Hi Guys,
i have build a KQL code for MATP Hunting but i need some help, for now i can classify between a Realtek USB WiFi driver and the Lan Turtle... But i also want to report IP Address & Port its assigning to the Lan Turtle Device, here is my code below, and a screen shots what i can see for now
Kusto Code (KQL)
MiscEvents
| where ActionType == "PnpDeviceConnected"
| extend parsed=parse_json(AdditionalFields)
| extend
DeviceDescription=tostring(parsed.DeviceDescription),
ClassName=tostring(parsed.ClassName)
| where
ClassName contains "Net" and DeviceDescription contains "Realtek USB FE Family Controller"
| summarize ComputerCount=dcount(ComputerName) by ClassName, DeviceDescription, ComputerName
please see attached picture..
here is the drivers it uses, in event viewer
Device Install Requested
Device USB\VID_0BDA&PID_8152\00E04C365BD5 requires further installation.

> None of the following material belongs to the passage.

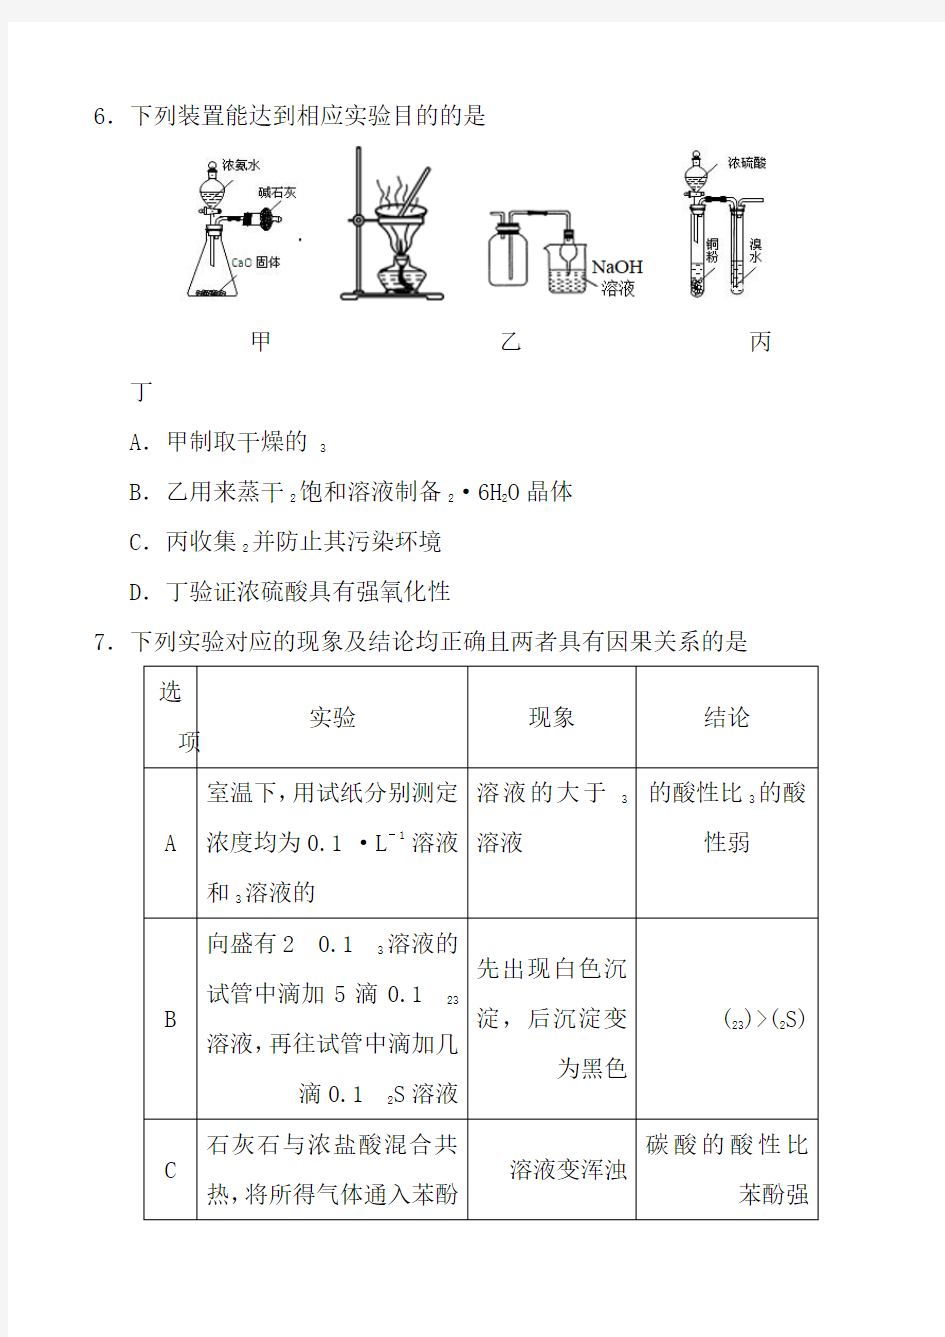 2018年辽宁省高中学生化学竞赛试题及答案

Driver Name: rtux64w10.inf
Device USB\VID_0BDA&PID_8152\00E04C365BD5 was configured.
Driver Name: rtux64w10.inf
Class Guid: {4d36e972-e325-11ce-bfc1-08002be10318}
Driver Date: 09/20/2015
Driver Version: 10.5.920.2015
Driver Provider: Microsoft
Driver Section: RTL8152B.ndi.NT
Driver Rank: 0xFF0000
Matching Device Id: USB\VID_0BDA&PID_8152&REV_2000
Outranked Drivers: rtux64w10.inf:USB\VID_0BDA&PID_8152:00FF0001
Device Updated: false
Parent Device: USB\VID_045E&PID_0944\6&15ba3093&0&1
Driver Management concluded the process to install driver rtux64w10.inf_amd64_d6132e4c7fe2fac6 for Device Instance ID USB\VID_0BDA&PID_8152\00E04C365BD5 with the following status: 0x0.